The photo on the IAT's handsome new website of Herb Hartman, Maine's former state parks director, nailing an International Appalachian Trail marker to a tree stirs vivid memories. I helped clear the first mile of what today is the Richard B. Anderson Trail along the forested spine of Mars Hill Mountain in far eastern Aroostook County in 1995. I took a photo that ran shortly after with my Maine Sunday Telegram column of Dick nailing a similar marker to a yellow birch there.
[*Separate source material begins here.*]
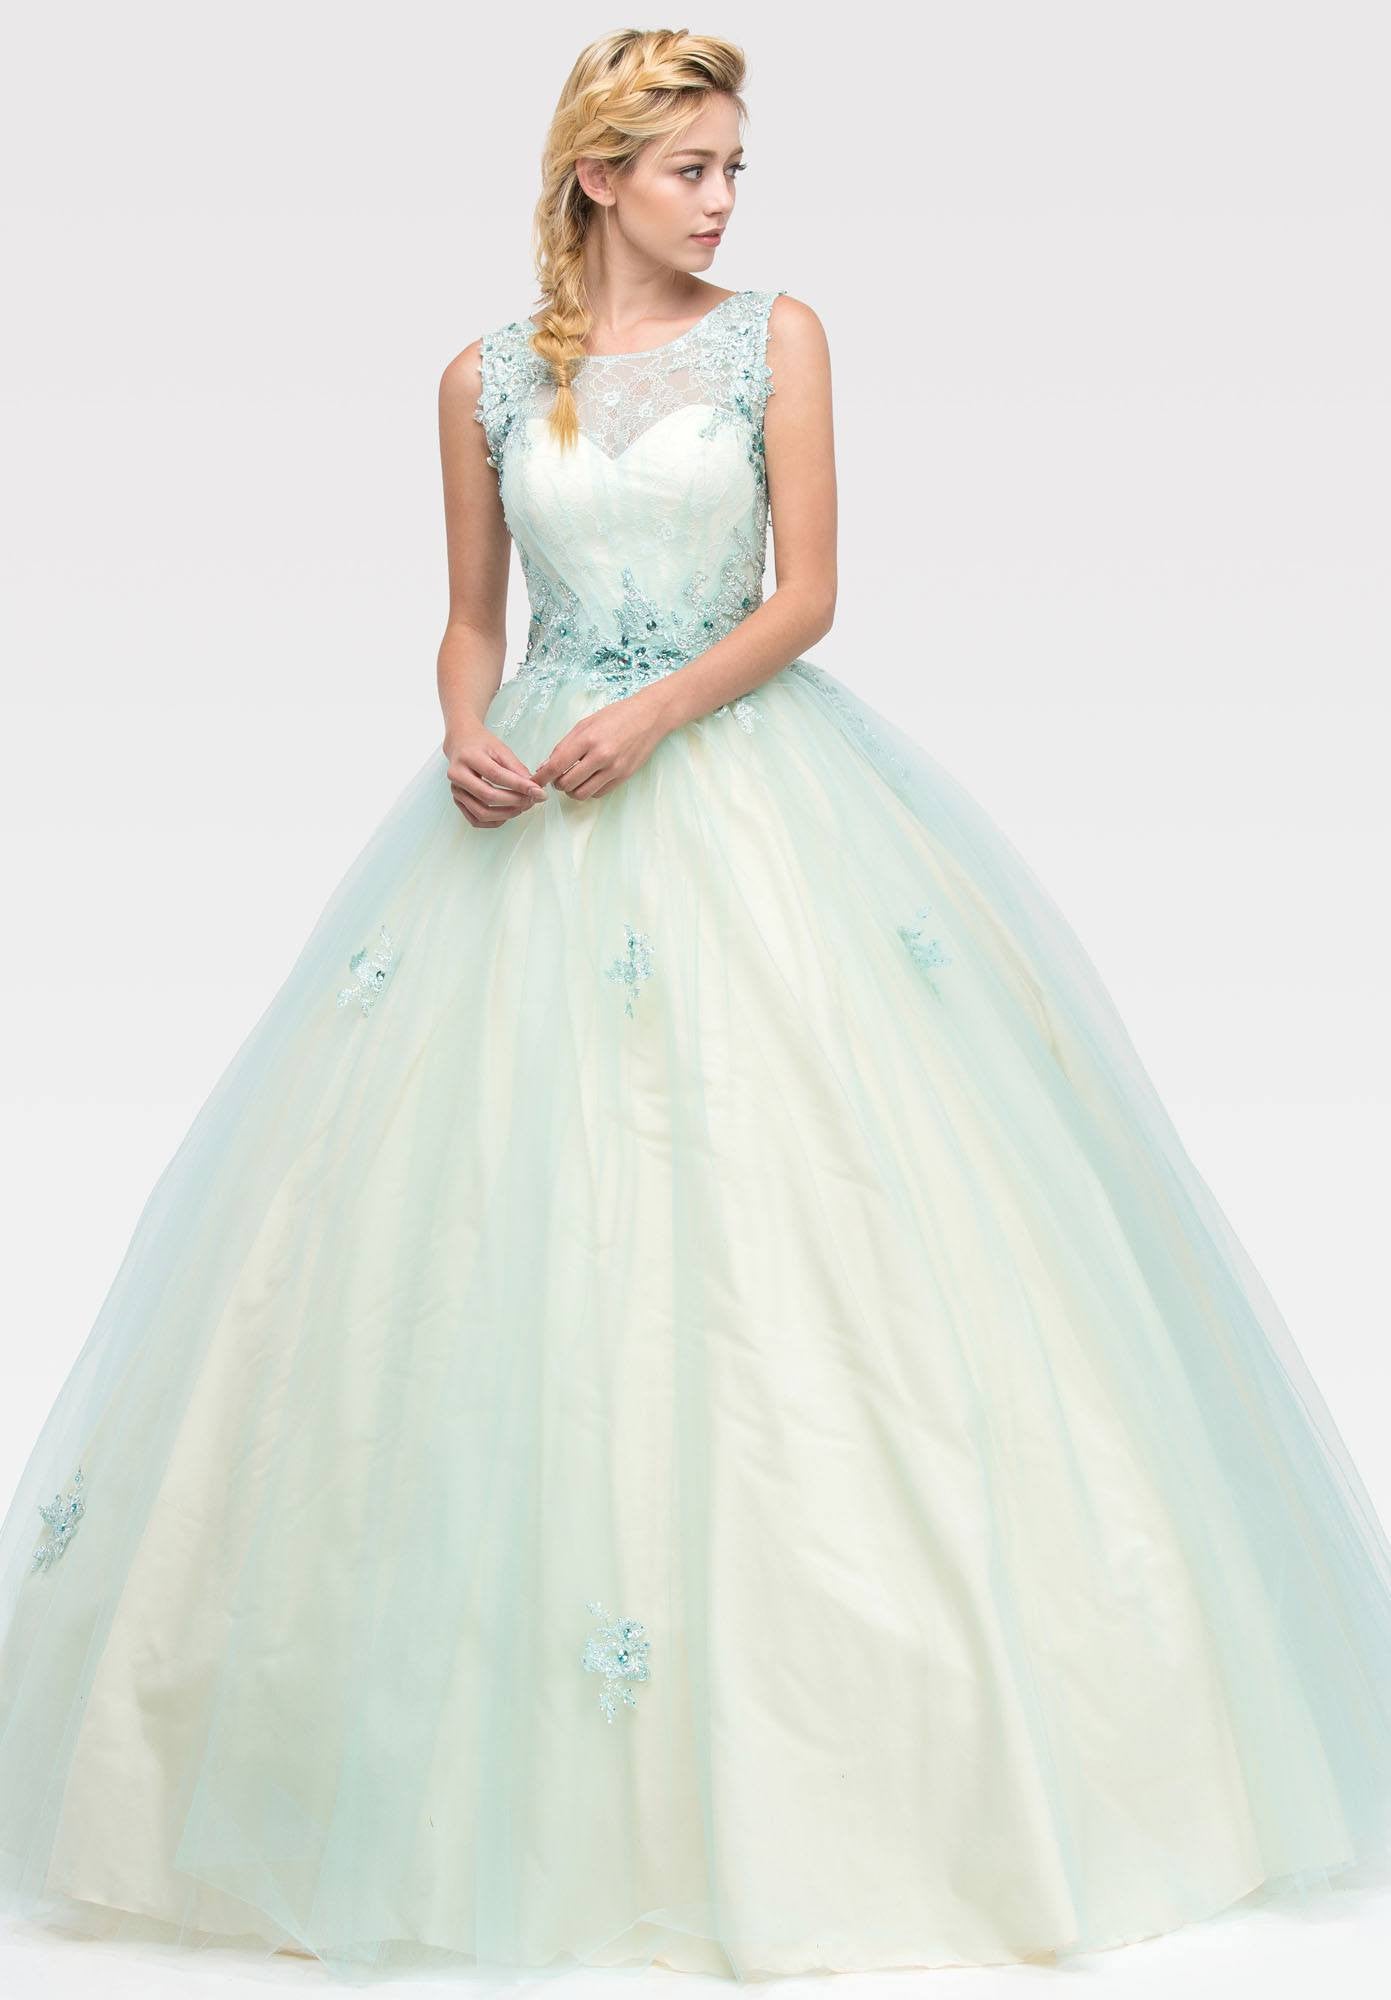 Illusion Lace Embellished Bodice Quinceanera Dress Mint/Champagne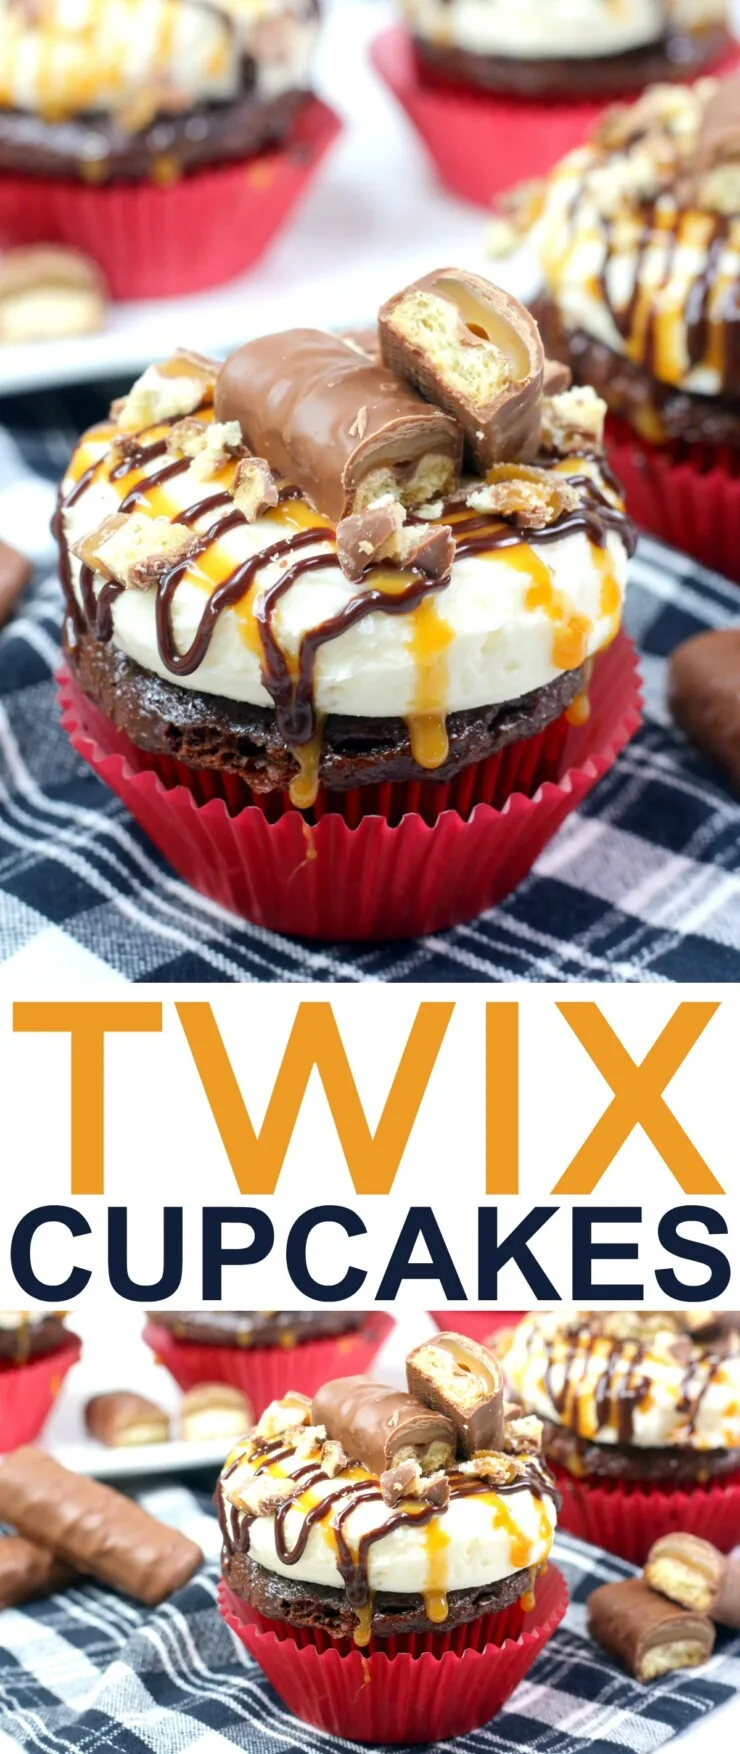 This decadent Twix cupcakes recipe features a from-scratch chocolate cupcake recipe topped with a luscious caramel buttercream.

Don Hudson, who later would succeed Dick as IAT president, remarked that come Spring, this portion of the trail would be a leafy green bower. I actually had done little of the trail-clearing, but this still made me feel pretty good!

 

Few knew, then, that the trail was to be, in time, a 12,000-mile footpath through 11 countries and jurisdictions, extending in a horseshoe from Maine and Atlantic Canada all the way to Norway's Svalbard archipelago and south to Morocco.

 

The "Appalachian terranes," the ancient landforms these places embraced, would be the basis for the future International Appalachian Trail. They once had formed the Appalachian-Caledonian mountains of the "supercontinent" Pangea before "plate tectonics" under the Atlantic Ocean separated them into their North American and European/North African components.

 

The story of "our common geoheritage" is reflected in the new "Pioneer Geologists" link on the IAT's website.  

 

"NOW, A TRAIL for two countries," we had headlined a piece about the new IAT in 1994, which was envisaged then as a trail linking the highest points in Maine, New Brunswick and Quebec. I experienced my first iconic Maine sporting camp when I sat in on an early meeting of the IAT board at Robinson Twin Pine Camp on Millinocket Lake in 1995, gathering material for future columns and editorials.

 

I later was on Mont Jacques-Cartier in the Chic-Chocs of Quebec, still gathering material but also looking for the Woodland Caribou making their last stand south of the St. Lawrence River. (I didn't see them.) 

 

Later still, in 1997, I was elsewhere on the Gaspe Peninsula watching the most amazing display of the Aurora Borealis over the Gulf of St. Lawrence anyone in our IAT group could remember.  

 

The notion of a two-nation trail soon changed, with the involvement of Walter Anderson, former state geologist, and others who had done pioneering work of their own on the theory of plate tectonics. The trail's potential exploded when they applied the theory to the Appalachian-Caledonian geology that created the footprints of the prehistoric mountain chain.

 

It wasn't long before an IAT delegation was aboard an icebreaker crashing through the sea ice from Sydney, Nova Scotia, to Port-au-Basques, Newfoundland, on a trip to help establish a chapter there in 2003. (When one of the meetings dragged, Will Richard, noted northland photographer and author, suggested he and I take a drive into the Blow-Me-Down Mountains west of Corner Brook. It was there we encountered first one, then more Boreal Chickadees, a "Life Bird" for this longtime birder. I was psyched.)

 

I RETURNED after my retirement to my native Oregon, shortly after the trail's grand expansion into Western Europe and Northern Africa was starting. Now I look out my apartment window in Portland's Goose Hollow at the sleeping Cascade volcanoes of Mount Adams, Mount St. Helens and, away to the north, Mount Rainier. (Fabled Mount Hood is out of view around the corner of my building.) These are "the shining mountains," as David Simons called them, a continent away from the mountains, rivers and valleys of the IAT.

 

Still, I think of those magic times as a witness to conservation history when a simple walking trail headed north from Maine and  became a major, ongoing effort to bind men and women with their mountains and their Atlantic Rim heritage.

 

"The Atlantic Ocean may have been dividing us for eons, but the International Appalachian Trail is well on its way to bringing us back together", concludes an article on the IAT in the current issue of Earth Heritage magazine.

 

In a world divided by hatred and strife, it needs the healing presence of an IAT more than ever.